Exam Number: PT0-001
The CompTIA PenTest+ exam will certify the successful candidate has the knowledge and skills required to:
• Plan and scope an assessment
• Understand legal and compliance requirements
• Perform vulnerability scanning and penetration testing using appropriate tools and techniques
• Analyze the results
In addition, the candidate will be able to:
• Produce a written report containing proposed remediation techniques
• Effectively communicate results to management
• Provide practical recommendations
1.0 Planning and Scoping
-Explain the importance of planning for an engagement.
-Explain key legal concepts.
-Explain the importance of scoping an engagement properly.
-Explain the key aspects of compliance-based assessments.
2.0 Information Gathering and Vulnerability Identification
-Given a scenario, conduct information gathering using appropriate techniques.

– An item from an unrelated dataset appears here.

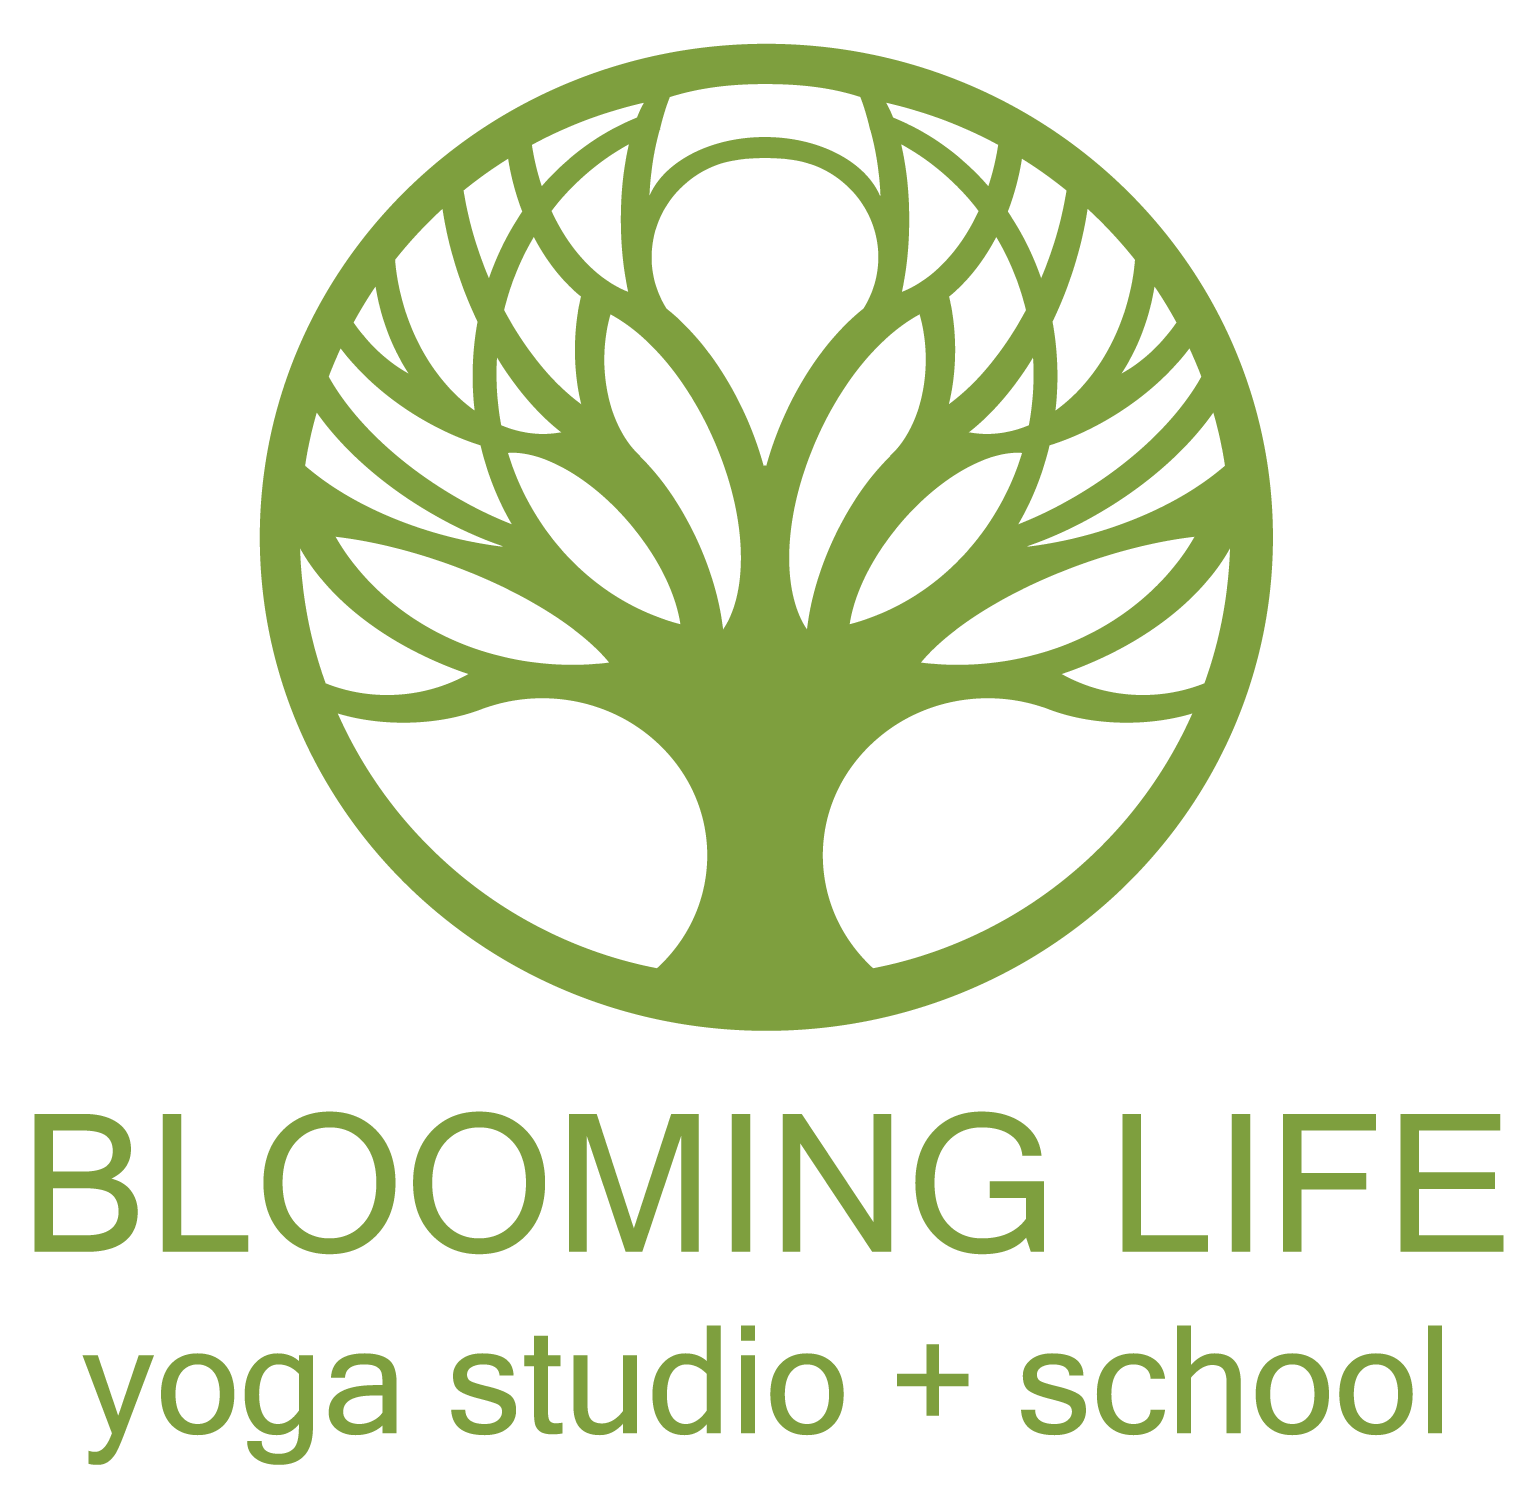 Blooming Life Yoga Studio + School - Yoga Studio in Zionsville

-Given a scenario, perform a vulnerability scan.
-Given a scenario, analyze vulnerability scan results.
-Explain the process of leveraging information to prepare for exploitation.
-Explain weaknesses related to specialized systems.
3.0 Attacks and Exploits
-Compare and contrast social engineering attacks.
-Given a scenario, exploit network-based vulnerabilities.
-Given a scenario, exploit wireless and RF-based vulnerabilities.
-Given a scenario, exploit application-based vulnerabilities.
-Given a scenario, exploit local host vulnerabilities.
-Summarize physical security attacks related to facilities.
-Given a scenario, perform post-exploitation techniques.
4.0 Penetration Testing Tools
-Given a scenario, use Nmap to conduct information gathering exercises.
-Compare and contrast various use cases of tools.
-Given a scenario, analyze tool output or data related to a penetration test.
-Given a scenario, analyze a basic script (limited to Bash, Python, Ruby, and PowerShell).
5.0 Reporting and Communication
-Given a scenario, use report writing and handling best practices.
-Explain post-report delivery activities.
-Given a scenario, recommend mitigation strategies for discovered vulnerabilities.
-Explain the importance of communication during the penetration testing process.